Фалеса Аристотель считает основателем (ἀρχηγός (archegos) – можно перевести предводитель, начальник, первопричина) такого рода философии, и он утверждал, что это («из чего и во что») – вода. «Потому, добавляет Аристотель, он и заявил, что земля на воде» (там же. 983b20-23). Аристотель (а за ним множество историков философии) начинает гадать, почему бы это Фалес (мудрец и философ) мог прийти к такому странному заключению. Что такое «вода» в этих космогониях-мифах? А что такое миф? Будет лучше, если мы не станем отделываться от «первых философов» их мнимым мифопоэтическим мышлением. Но не стоит и откладывать их «представления о мире» в сторону как домыслы несмышленышей, не стоит и брать на веру без понимания. Лучше, если не понимаем, оставить под вопросом.

Но мы не станем теряться в догадках, а лучше обратим внимание вот на что. «Некоторые же полагают, замечает Аристотель, что и древнейшие, жившие задолго до нынешнего поколения, и первые размышлявшие о богах, держались именно таких взглядов на природу. Океан и Тефию они сделали родителями возникновения». Речь идет о следах некой теогонии в «Илиаде» Гомера (Песнь XIV)[102]. Генеалогия мифа запутанная, да нам и не нужная, нам нужно событие начала.

Следуя ссылке Аристотеля на «древнейших», мы с удивлением увидим, что в начале едва ли не всех ближневосточных теогоний находится некая водная стихия, точнее, конечно, пара родителей, воплощавших соленые воды моря и пресные воды рек.

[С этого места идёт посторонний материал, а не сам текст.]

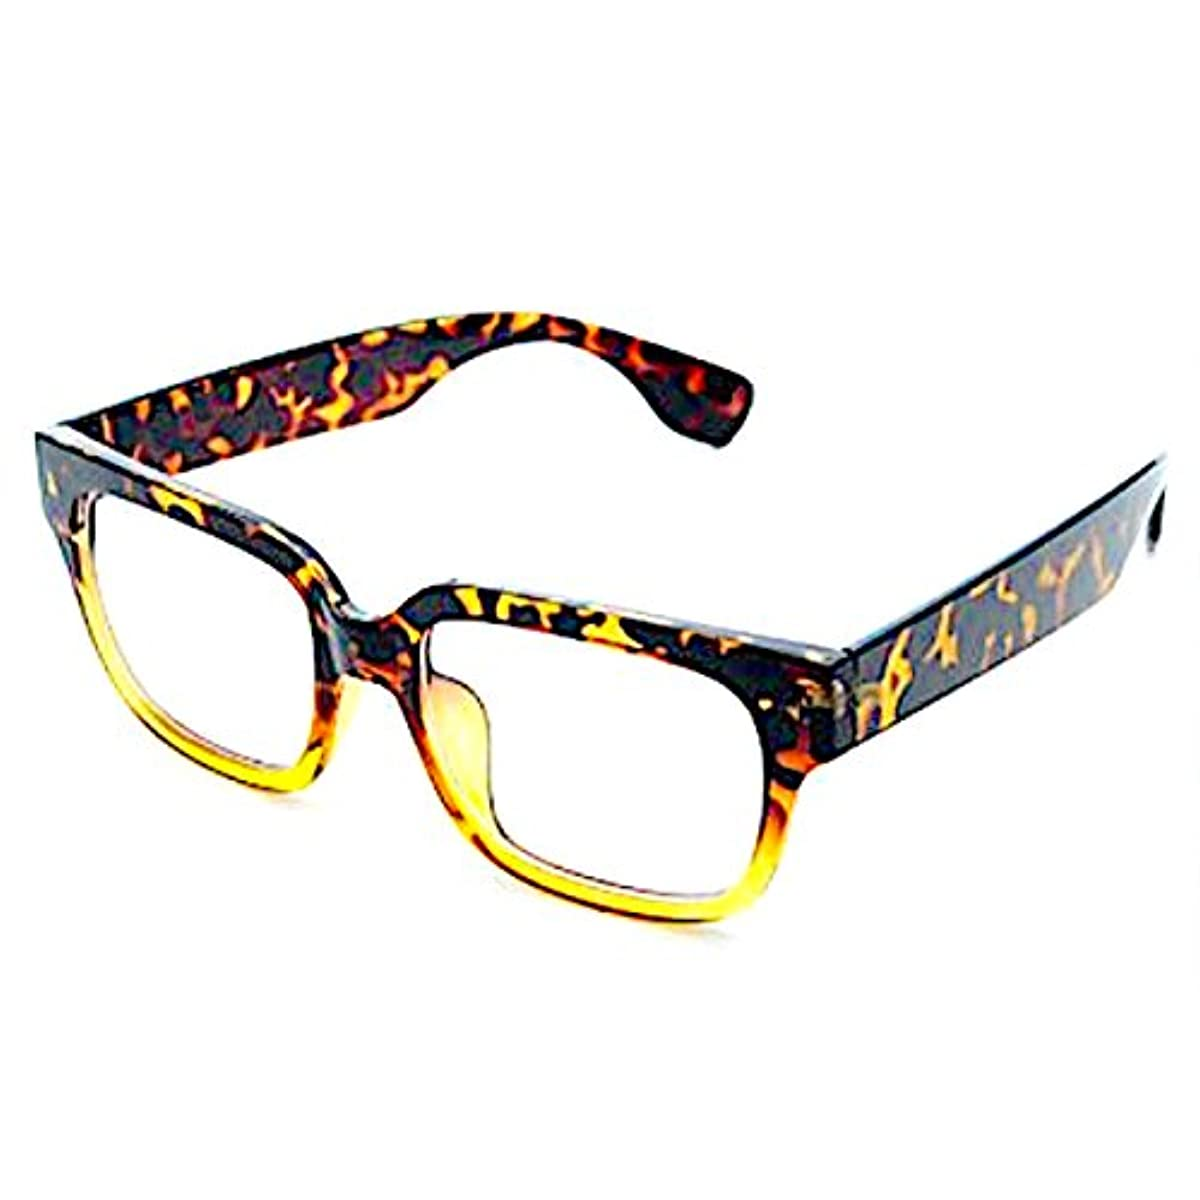 [해외] FREESE 다테 안경 맨즈 디자이너스 패션 멋으로 쓰는도수 없는 안경 웰링톤 블랙인연 빅 프레임 캐주얼 【후쿠온카발의 안경 브랜드 FREESE】

В шумеро-вавилонской теогонии «Энума Элиш» (II тыс. до н. э.) читаем:

Когда вверху небеса именованы не были,

А название суши внизу еще не мыслилось,

Когда только лишь первородный Апсу, их сотворитель,

И Мумму, и Тиамат – та, что всем дала порожденье,

Воедино свои смешивали воды,

Когда не было никакого болота,

Островка никакого еще не возникло,

Когда ни один из богов не создался,

Ничто по Имени не было названо,

никому не был присужден жребий…[103]

В Египте мы также находим в начале великий океан – Нун. «Первой парой был Нун и Наунет, первобытный, бесформенный Океан и первобытная Материя; второй парой были Хух и Хахухет, Беспредельное и Безграничное, затем шли Кук и Каукет, Тьма и Мрак, и, наконец, Амун и Аманет, Тайное и Сокрытое…»[104]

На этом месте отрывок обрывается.